Марк Юлиан пустился тем временем на поиски Плация и обнаружил того на посту у портика. Плаций был посвящен в заговор совсем недавно. Он был первым преторианцем, которого удалось привлечь на свою сторону. Именно Плаций предупредил его о том, что Ауриану должны были вечером привести сюда. Эту услугу Марк собирался вознаградить сотней серебряных денариев[17].

— Не слишком ли преждевременно? — шепотом осведомился у него Плаций.

Из-под золотого шлема в темноте виднелись лишь очертания массивной челюсти и глаза, похожие на маленькие, светящиеся угольки. Плаций все еще никак не мог успокоиться после того, как Домициан грубо оскорбил его достоинство.

— Это покушение — целиком дело ее рук, а не моих. Я же о нем ничего не знал, — быстро объяснил Юлиан. — Эту женщину необходимо доставить обратно в тюрьму. Не спеши подавать карету. Я хочу побыть здесь один.

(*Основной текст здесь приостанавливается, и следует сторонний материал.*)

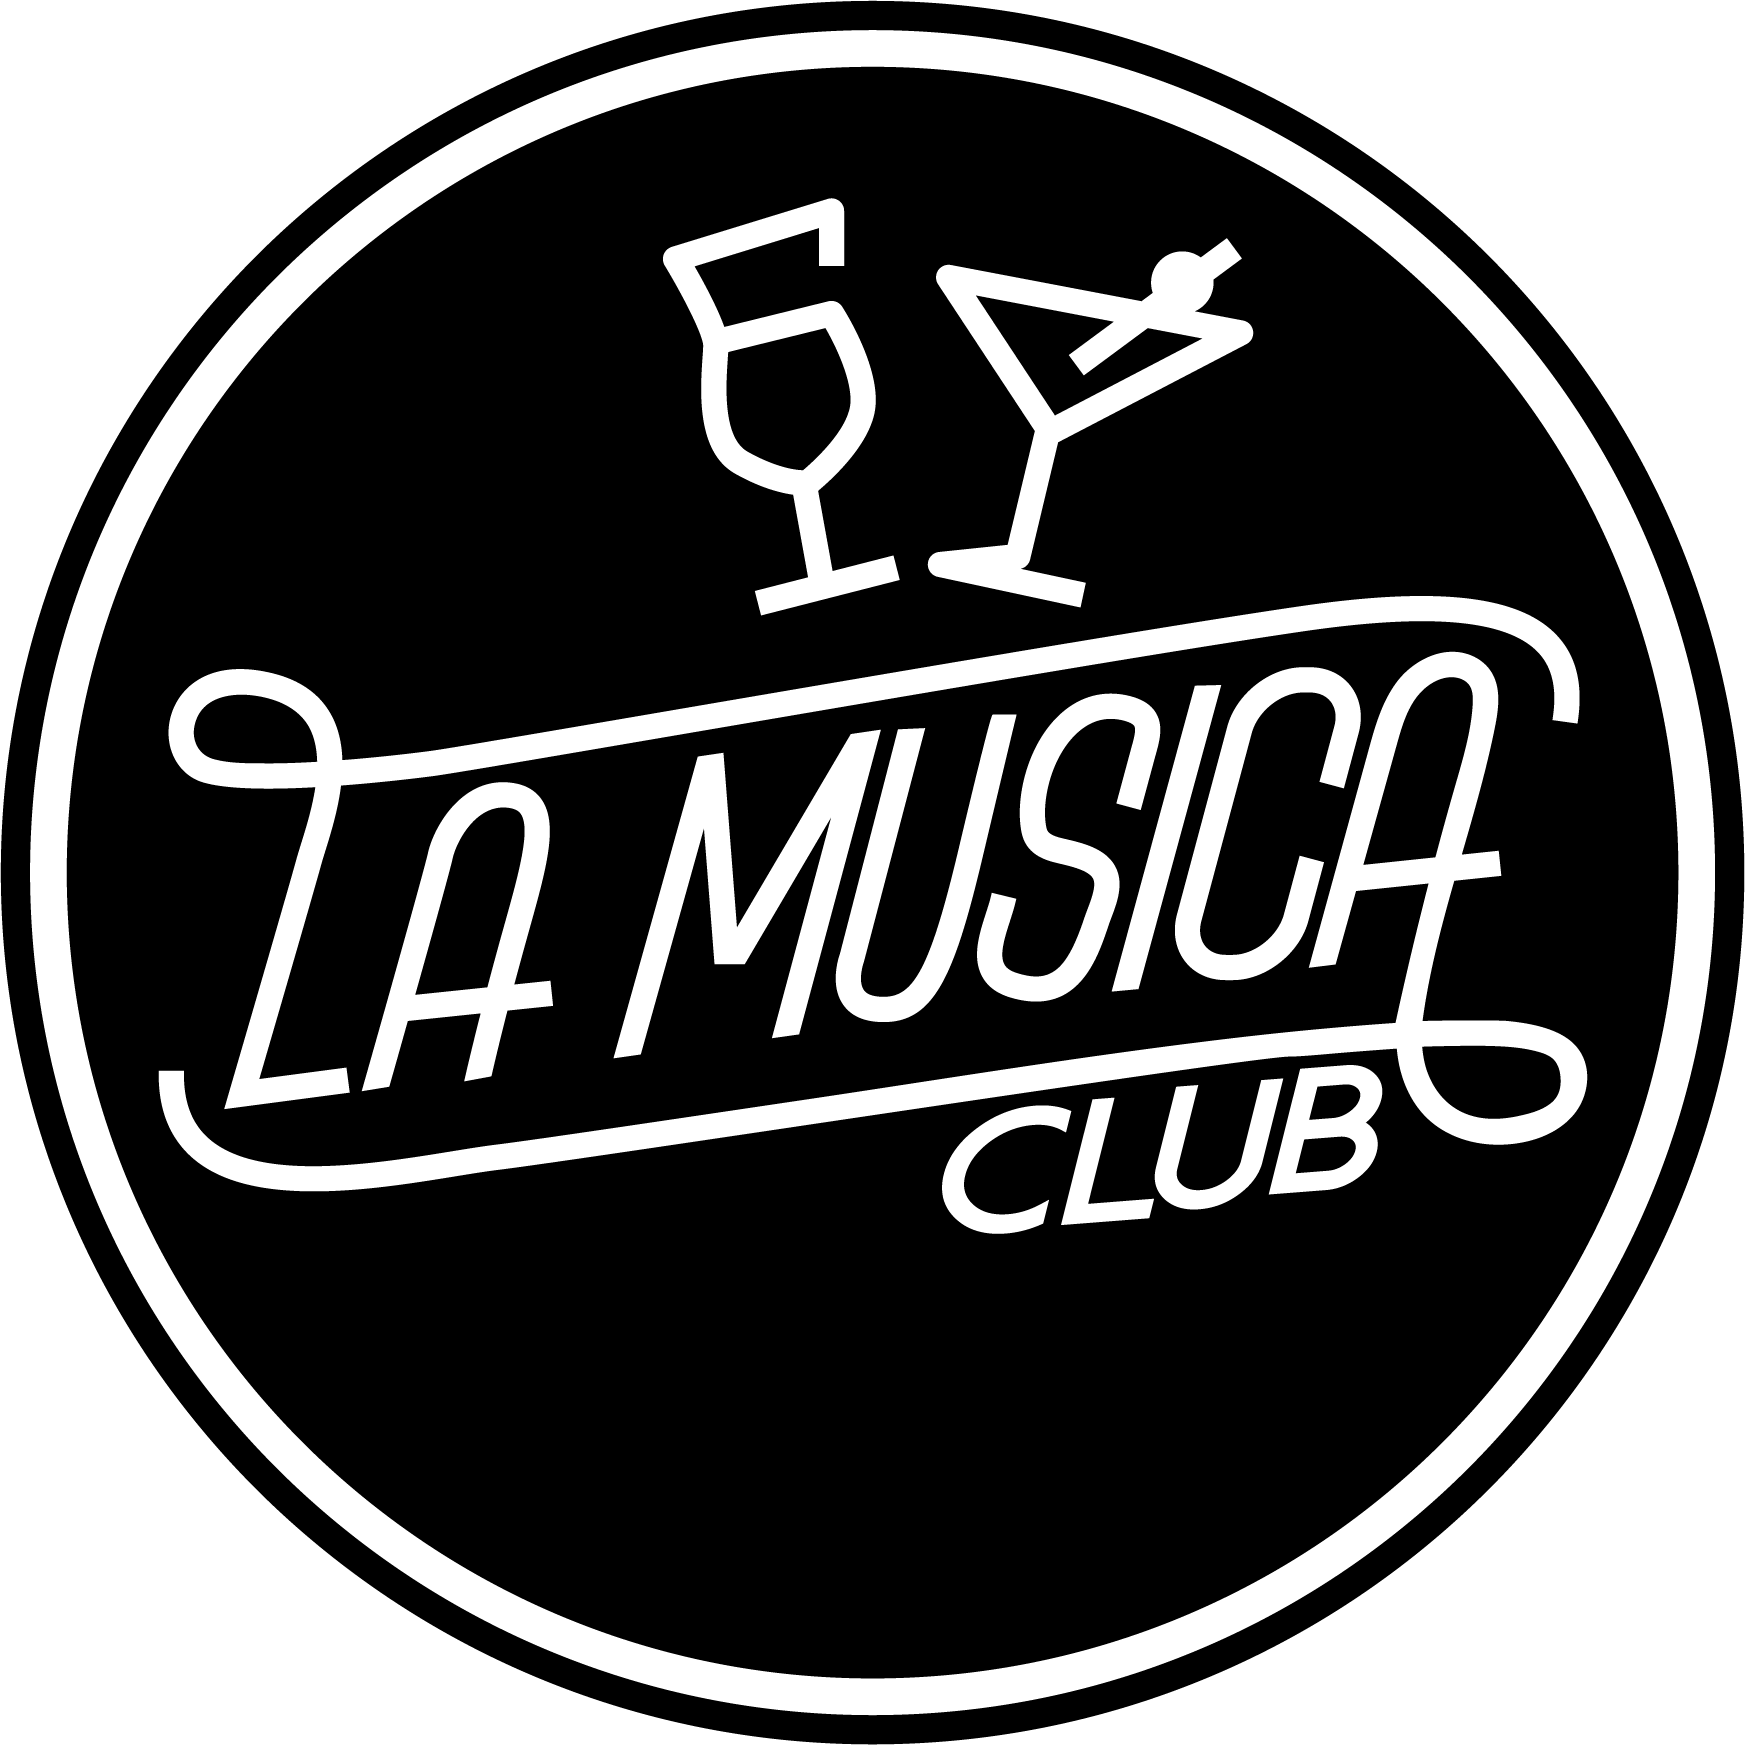 La Musica Club

Плаций кивнул с понимающим видом, не задавая лишних вопросов. Он полагал, что Марк Юлиан желает провести рекогносцировку храма и его окрестностей. Он мог быть использован как место приведения замысла заговорщиков в исполнение, когда настанет удобное время.

— Как ловко ты сумел обхитрить его, убедив не казнить эту женщину! — прошептал Плаций. — Это развеяло у моих солдат последние остатки уважения к нему. Ты ускорил созревание плода, и скоро его можно будет сорвать.

— Не испытывай мою известную скромность бременем такой похвалы. Иди. И не спеши.

Плаций криво усмехнулся и, резко повернувшись, исчез. Марк Юлиан же вернулся в небольшой храм Сильвания, где его ждала Ауриана, закованная в кандалы.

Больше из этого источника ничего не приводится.